Bir önceki yazımda bir beyin ve sinir cerrahı ağabeyimden bahsettim.
Konunun akışı itibarı ile yanlış anlaşılmış olabilir.
O insan tam bir beyefendiydi.
Her şeyden önce Türkiye'ye ilk kapalı (endoskopik) bel fıtığı ameliyatını o getirdi.
Bunca anlı, şanlı üniversiteler, profesörler falan varken o teknolojiyi cebinden para ödeyerek ilk o getirdi.
Mükemmel bel fıtığı ameliyatı yapardı.
Ama o kadar.
Boyun fıtığı, beyin tümörü, çocuk nöroşirurjisi, omurga stabilizasyon cerrahisi falan. Elini sürmezdi.
Ama çok meşhurdu. Özellikle İstanbul sosyetesi nazarında çok meşhurdu.
Bu sosyete ve onların kuyruğuna takılan halk her beyin ve omurilik hastalığının tedavisi için bu ağabeyimize müracaat ederdi.
Başlangıçta bu hastaları başka merkezlere yönlendirmiş olabilir. İşin o kısmını bilmiyorum.
Ama benim bildiğim. Hiç ilgilenmediği ve hatta hiç bulaşmak istemediği hastalıkların tedavisini bu konuda yetenekli cerrahlar bulup onlara yaptırmaya başlamasıdır.
Bu konuda da oldukça başarılıdır. Bu gün İstanbul'da Nişantaşı, Fulya taraflarında oldukça başarılı ve marka haline gelmiş iki beyin cerrahı onun tezgahından geçmiştir.
Tam bir İstanbul beyefendisidir.
Bir parmağı ile dakikalar içinde bel fıtığı ameliyatı yapar.
Tecrübesi olmayan işlere bulaşmaz. Mesela asla boyun fıtığı ameliyatı yapmaz. Yaptırtır.
Asla beyin tümörü ameliyatı yapmaz. Yaptırtır.
Asla omurga ameliyatı yapmaz. Yaptırtır.
Hastadan alır parayı. Cüzi bir miktarını ameliyatı yapacak cerraha verir. İşte bu kadar.

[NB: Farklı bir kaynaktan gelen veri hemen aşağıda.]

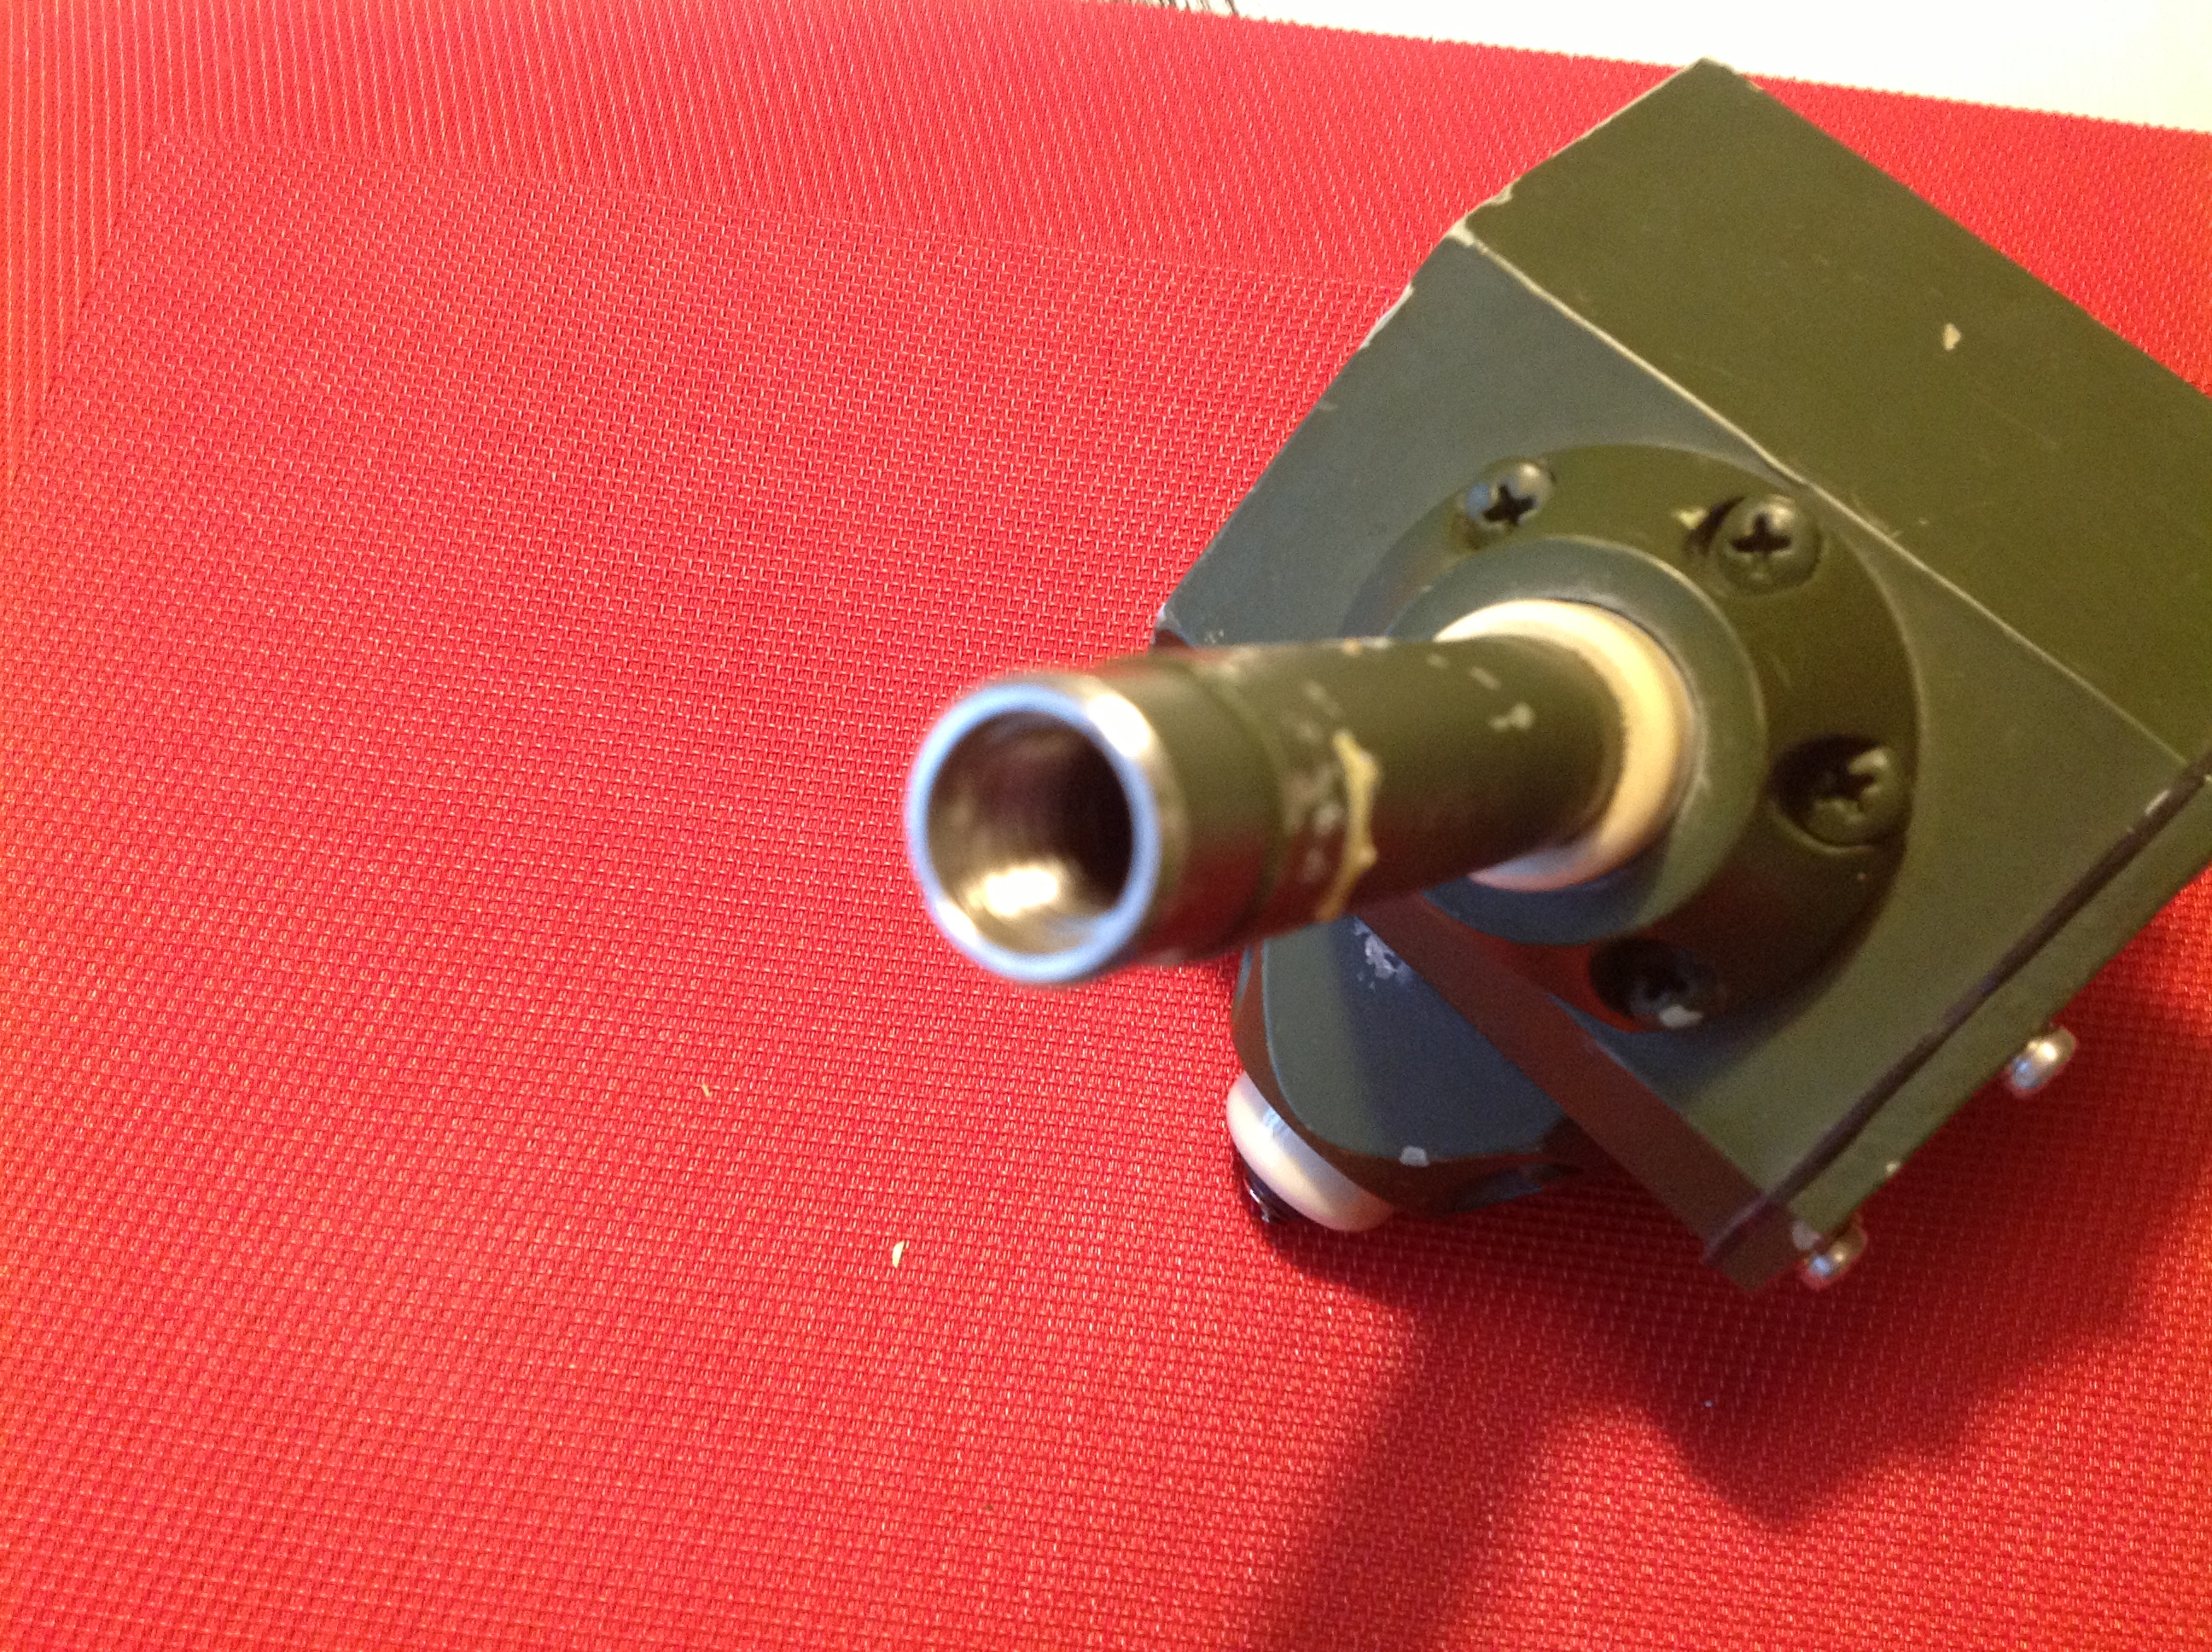 Rohde &amp; Schwarz HF-Empfangsantenne / HF-Receiving Antenna HA 105/1/50

Ve bu sistemi muhtemelen o kurmuş olabilir ama günümüzde İstanbul gerçeği budur.
Sen parayı bastırırsın. Cerrahın oldukça meşhurdur. Ama ameliyatını onun yapıp yapmadığını bilemezsin.
Bu konuda Beyefendiler hastalarını kendilerinden bile yetenekli genç cerrahlara teslim ederler.
Zaten Beyefendilik bunu gerektirir.
İşte bahis konusu ağabey böyle bir insandı. Beyefendiydi.